The room assembled itself around me. Hospital. Afternoon. The sun lower now, angled, casting long shadows across the floor. The machines beeping their steady rhythms. The antiseptic smell, the scratchy sheets, the hard mattress.
Real. All of it real.
But the terror remained. It clung to me like a second skin, like a shadow that wouldn't detach, like the after-image of a bright light burned into the backs of my eyelids. The dream was fading—the details dissolving, the house and the hallway and the yellow eyes retreating back into whatever darkness had spawned them—but the feeling stayed. The certainty that what I'd experienced wasn't just a dream.
It was too real. Too specific. Too familiar.
The man under the bed, with his glowing eyes and his wrong-shaped body and his reaching hands—he felt like something I'd actually seen. Actually experienced. Actually survived. Not a monster from a storybook or a creature conjured by a frightened imagination, but a memory. A real memory, dressed up as nightmare because my young mind couldn't face it any other way.
The thought was there and then it wasn't—too big, too heavy, too terrible to hold. It slipped away from me the way dream-details always do, leaving behind only the shadow of itself, only the knowledge that I'd almost understood something important and then lost it.

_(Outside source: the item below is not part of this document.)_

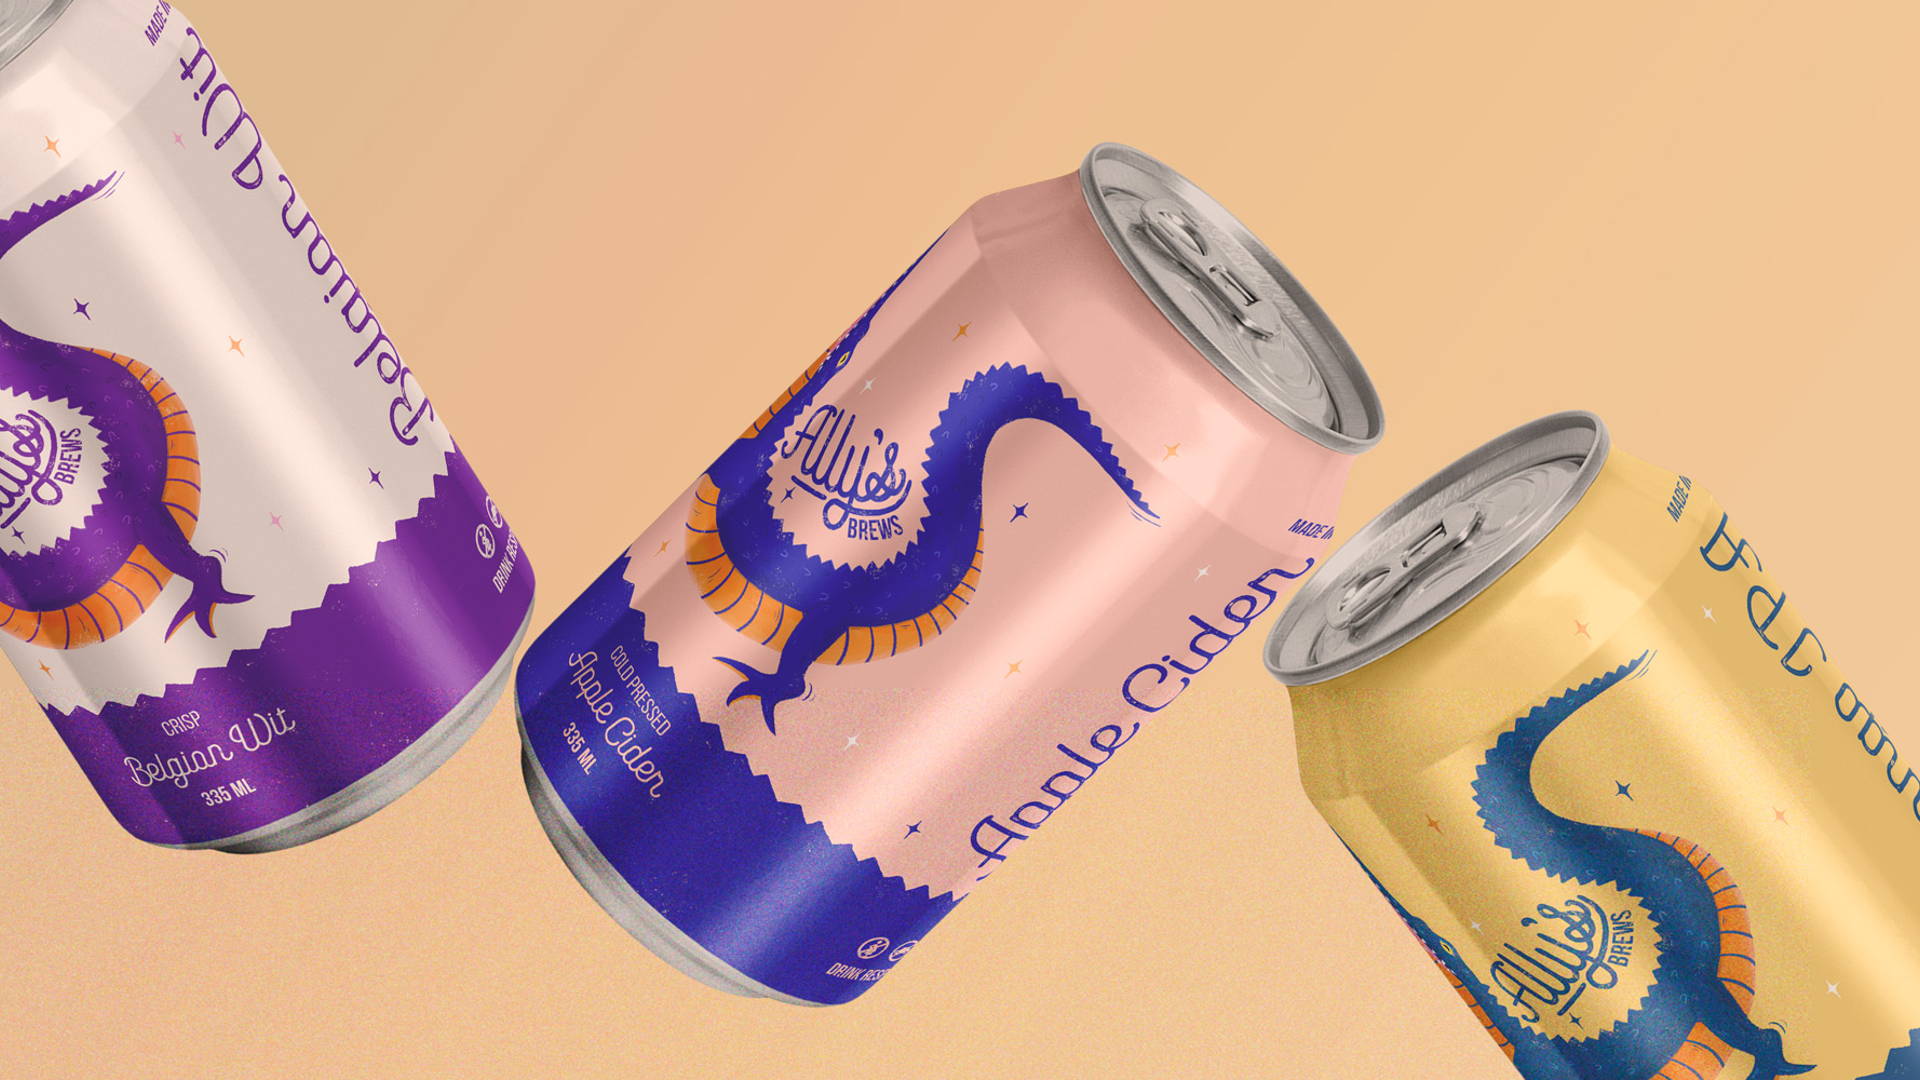 Featured image for Archana and Co Creates a Fun, Illustrated Beer Label Concept With Ally’s Brews
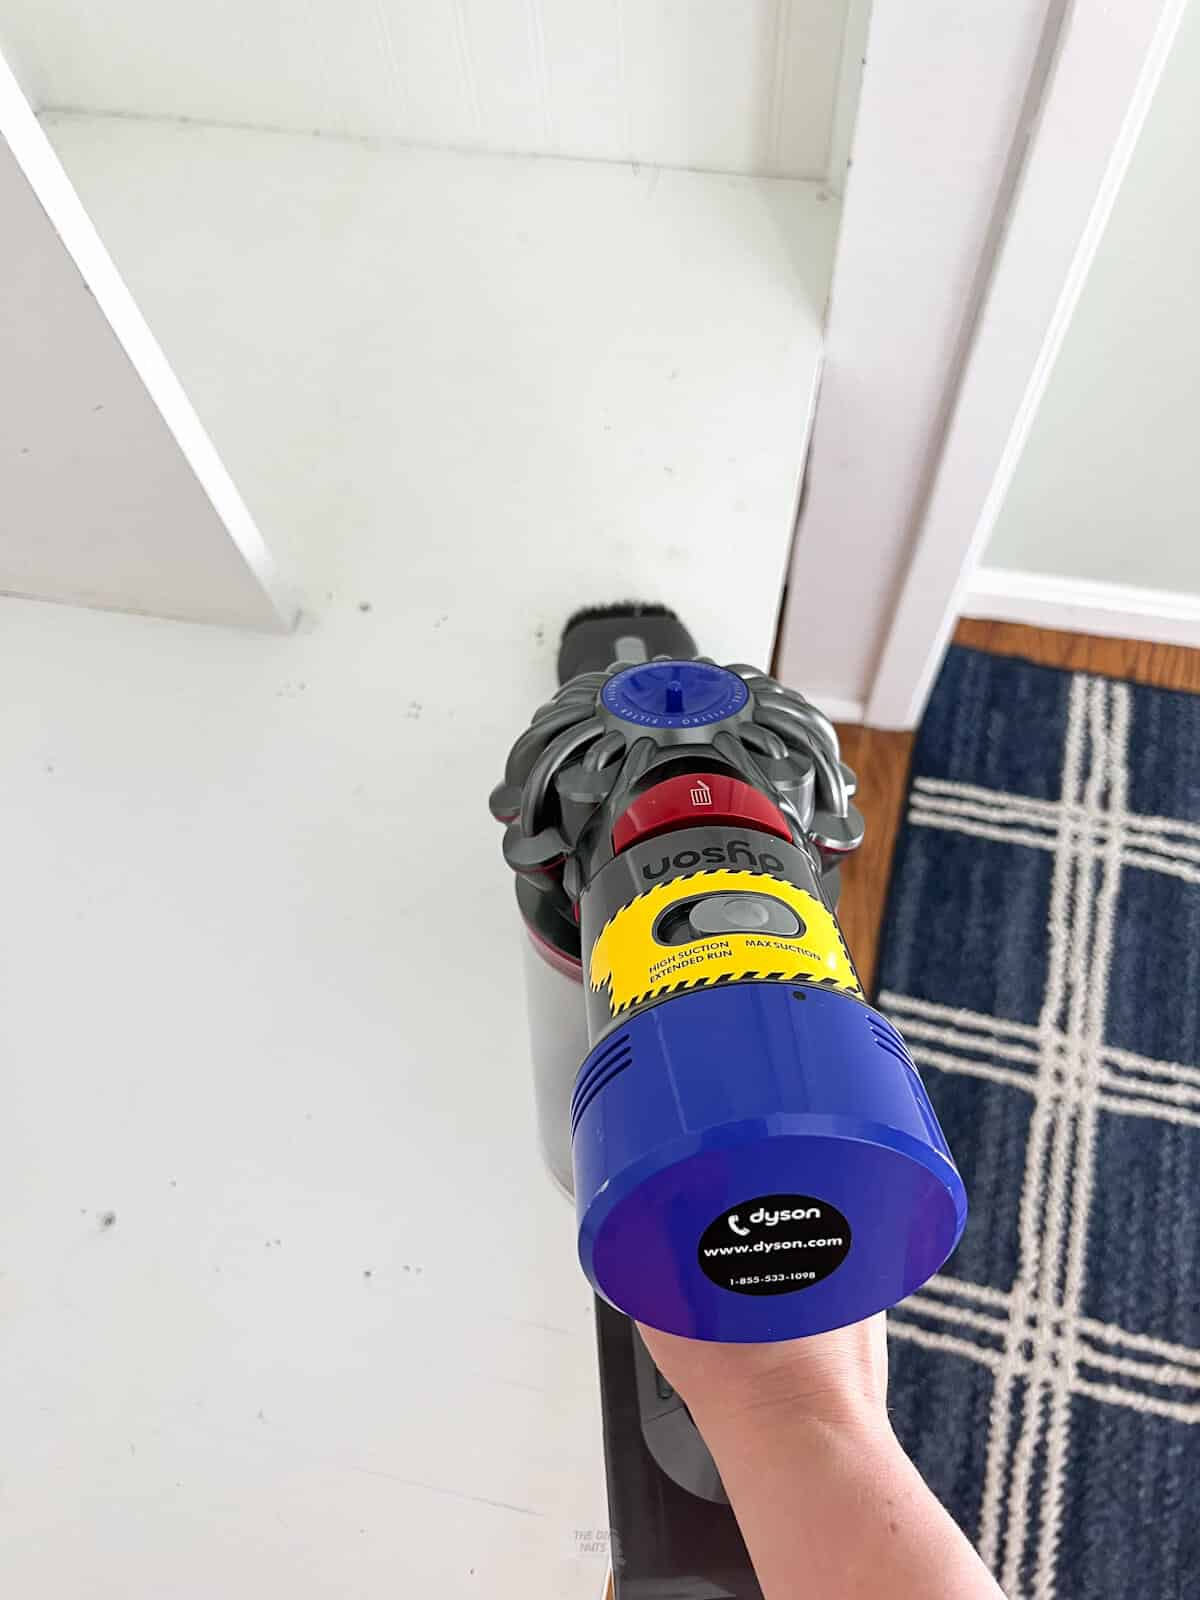 hand holding dyson vacuum cleaning wood shelves.

I stared at Gloria's empty bed.
The sheets were still perfect. The pillow still undented. The space still empty, still waiting, still crying out with a silence that was louder than my scream had been.
And I wondered: had she seen him too? In her final dreams, in those last hours when her body was shutting down and her mind was drifting into whatever came next—had she stood at that same threshold? Had she faced those same yellow eyes, that same void, that same impossible choice?
And had she, like I almost had, chosen to step through?